A field rep spends roughly half their working hours driving. Until you price that honestly, every territory decision is wrong.

Ask a field manager how much an hour of rep time costs. They'll give you a number based on salary plus commission. They'll be off by a factor of two, because they forgot about the truck.

The real cost of an hour

A rep's fully-loaded cost per hour includes comp, benefits, truck lease or mileage, phone, laptop, software, management overhead, and training. For most field orgs that's $80-$140 per productive hour.

But half those hours are spent driving. Which means the real cost per meeting hour is double the on-paper number. That $120/hour rep is really $240 per hour of actual selling.

Why this matters for territory design

A territory with five accounts in a ten-mile radius is not "worse" than a territory with twenty accounts spread across a state. It might be better. The ten-mile territory lets the rep run four visits a day. The sprawling one lets them run two.

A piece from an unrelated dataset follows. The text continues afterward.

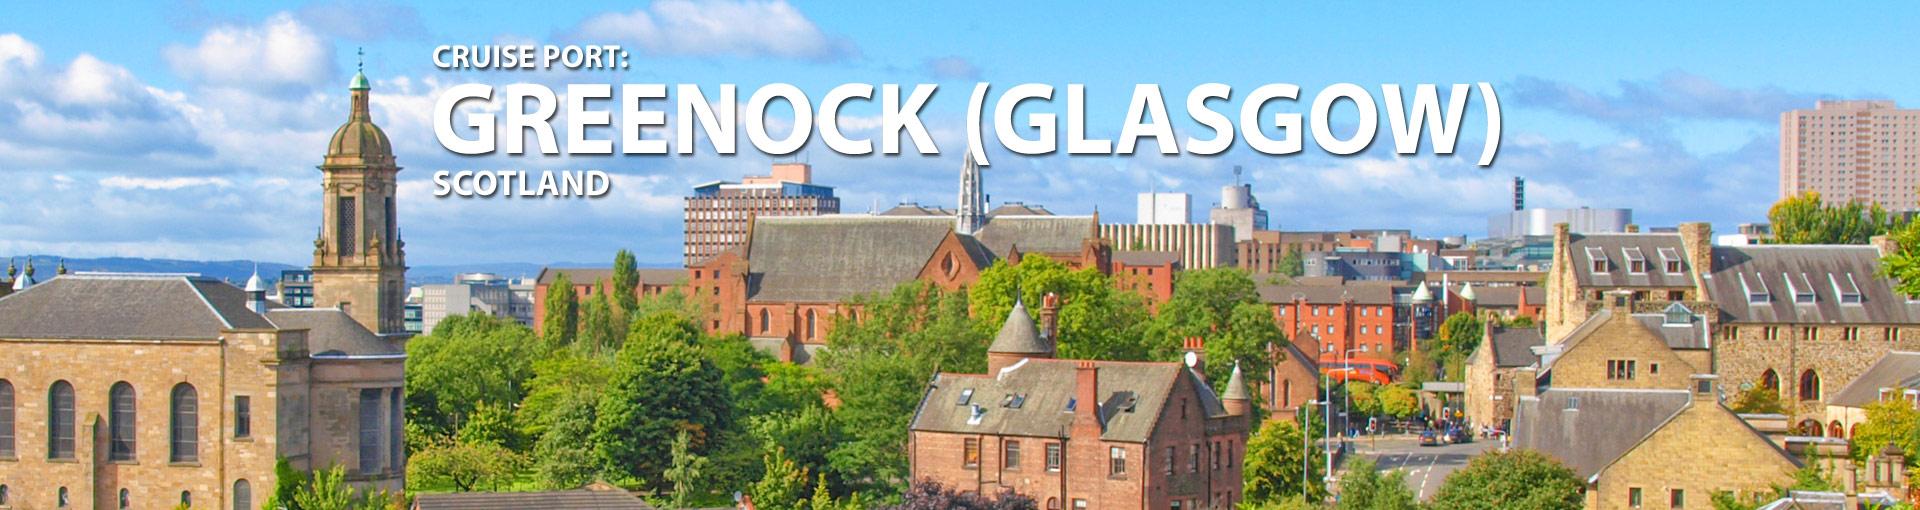 Cruises from Greenock, Glasgow, Scotland

Every mile of drive time is a tax on selling time. Most companies pretend it's free because the rep is salaried. The rep doesn't have the luxury of pretending.

The operational fix

Cluster stops. Set a rule: no visit happens in isolation unless the account is worth at least X revenue. If a rep has to drive an hour for a small account, batch it with two other small accounts along the same corridor.

This is what route planning is actually for. Not "pretty blue lines on a map." Cost reduction. The rep who runs six clustered stops in a day is twice as productive as the rep who runs three scattered ones — for the same drive time.